In the days before the little red school house in Somerset County children were brought up in the way that they should go, without specialists to guide or perplex them in the rough hewn paths of learning. Boys were taught early the use of the Dutch scythe, the broad axe, and the flintlock. In the matter of letters few mastered the fine art of the three R's.
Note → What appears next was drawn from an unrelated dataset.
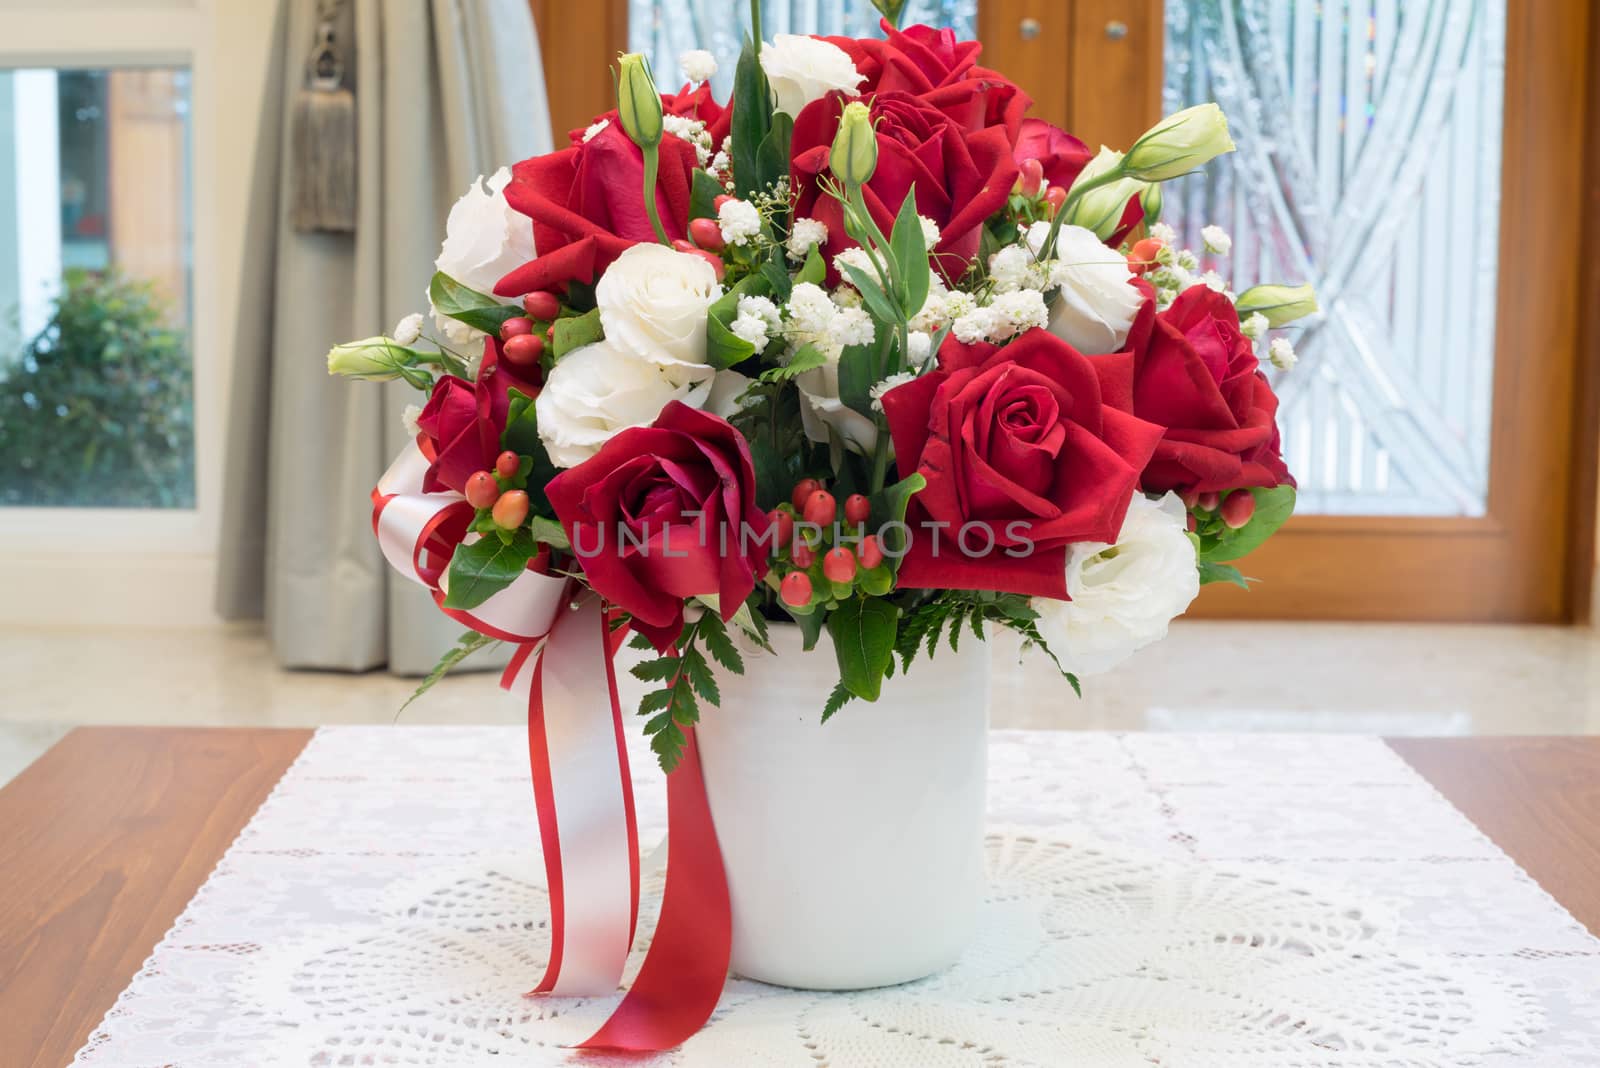 Roses flowers bouquet inside vase on desk in house for decoration

Those who did were introduced to them by the way of well thumbed Bibles. Girls were taught the tunes of the rhythmic whir of the spinning wheels and the intricate steps of the hand loom. One of the first attempts to bring regimented "book larnin'" into settlements of Somerset County was in the year of 1777. James Kennedy, one of Harmon Husband's indentured servants, who was a poor hand at grubbing and picking brush, was chosen to lead, guide and direct the lives of the little children of the Somerset Settlement. The young schoolmaster, after surveying and questioning his home spun class for a few minutes dismissed school with the admonition, "Och! but you are set of young haythens."
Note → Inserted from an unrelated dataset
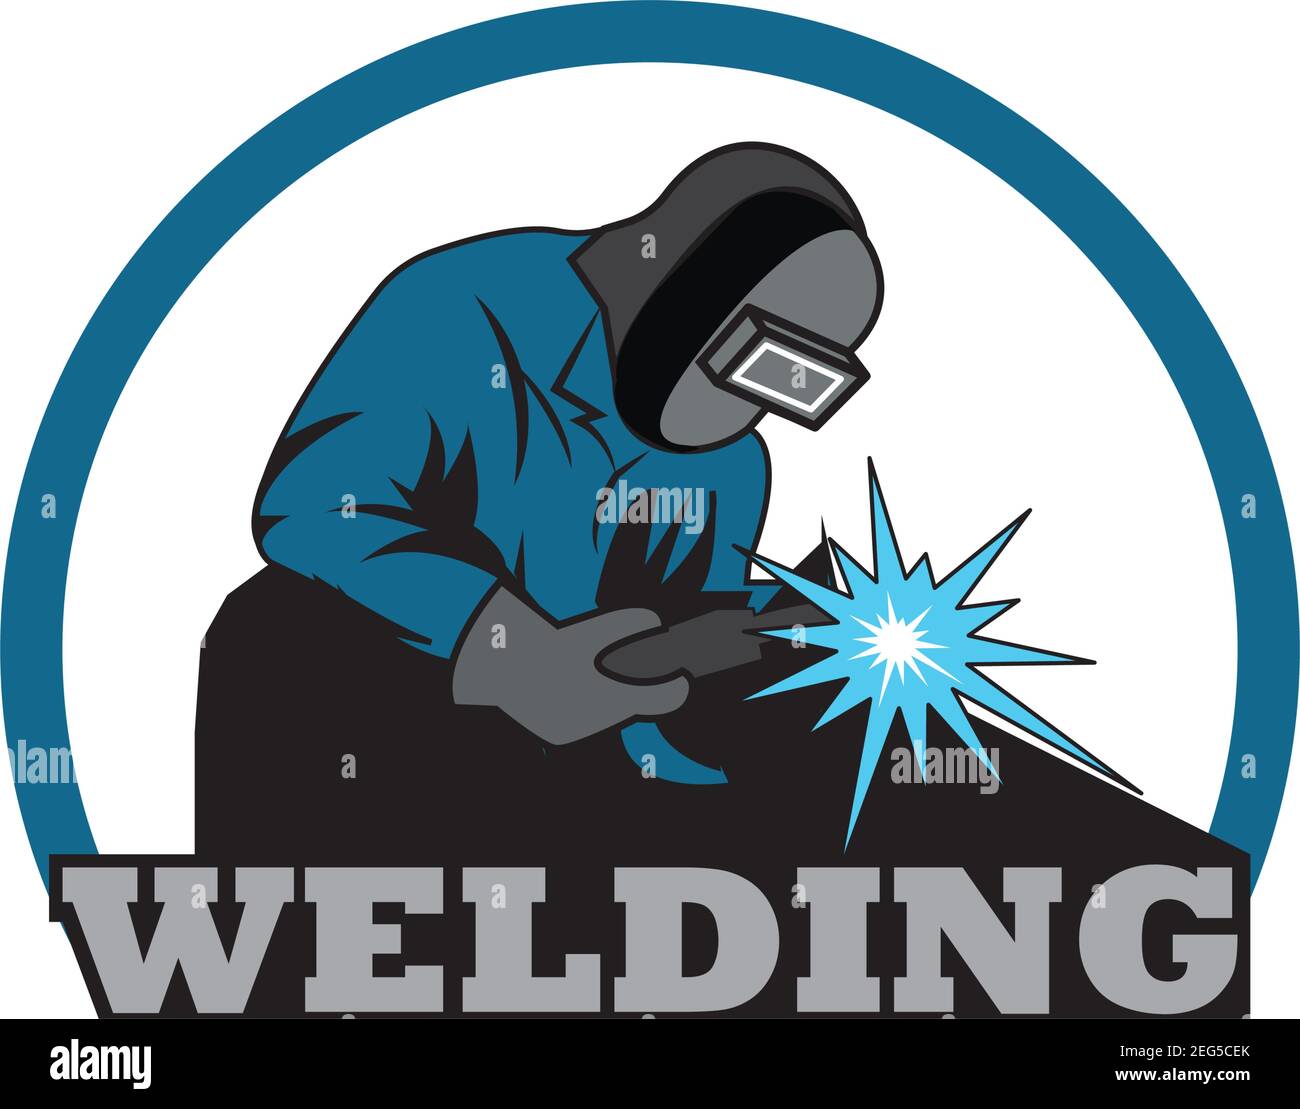 welding icon vetor illustration design template Stock Vector Image ...

Law and order were maintained in the clearings by adhering to the simple and age old verities that have served as cornerstones for civilized societies in all times. Without sheriff or justice, the thief and the liar were humiliated by public condemnation until the culprit sought peace of mind and body in some distant settlement where his sins could not find him. In the matter of more personal offenses against honor and virtue, the score was usually settled by other members of the families involved, in rough and tumble fights which in many cases developed into ear chewing and eye gouging matches.

The vitriol of female wagging tongues was neutralized by the simple and effective device agreed upon by the more rigid pillars of the settlements. When the gossips appeared in their doorways, they listened with the usual absorbing feminine inquisitiveness while the mush bubbled in the pot, but discounted every dripping word as child's chatter. In short the gossip was granted a license to talk, and even the "news" of an impending Indian raid caused not one stitch to be dropped by the knowing housewives. The spinning wheel, hand loom, and the backs of 'coon and deer were sources of material for dress. The hunter's frock, a knee-length fringed

59

coat made of home spun cloth or buck skin was universally worn by the men. This garment was fitted with a belt upon which hung the tomahawk and scalping knife. Lapping over in the front it could be used for a pouch in which to carry provisions in the form of dried venison, salt pork and bread. Coon skin caps, buck skin shirts, and leather stockings were further protection against sleet and snow.

Moccasins served as footgear. These were made of a single piece of deer skin with a gathering seam along the top of the foot, and another from the bottom of the heel, and tied about the ankle with thongs of deer skin. In cold weather they were stuffed with deer hair or dry leaves. During rainy weather and slushy seasons this gear was looked upon as "a decent way of going barefooted."

In some of the settlements the young blades adopted the Indian breech clout, which was a strip of cloth a yard long and eight or nine inches wide passed under the belt, leaving the end flaps dangling before and behind. The flaps were ornamented with fringes of crude embroidery. The young bucks who appeared at public gatherings of worship, with bare flanks exposed, added little to the devotional atmosphere of the scene, especially in the section occupied by the tittering young maidens.

The women of early Somerset County adopted the linsey petticoat as the mode of the times; they wore moccasins, coarse shoes and shoe packs during cold weather. Bare feet were the vogue in summertime. Among the various religious setttlements of the county their several faiths dictated their mode of dress.

Excepting these groups, Sunday was just another day, observed principally by older men and women who paused briefly to rest, while the more energetic went on with their grubbing hoes and bullet molds. But the broad pattern of a new world was being spun on the wide loom of destiny, and the part of Bedford County, Pennsylvania, which was finally woven into that pattern on April 17, 1795, as Somerset County, was to portray one of the most brilliant of all the colorful designs.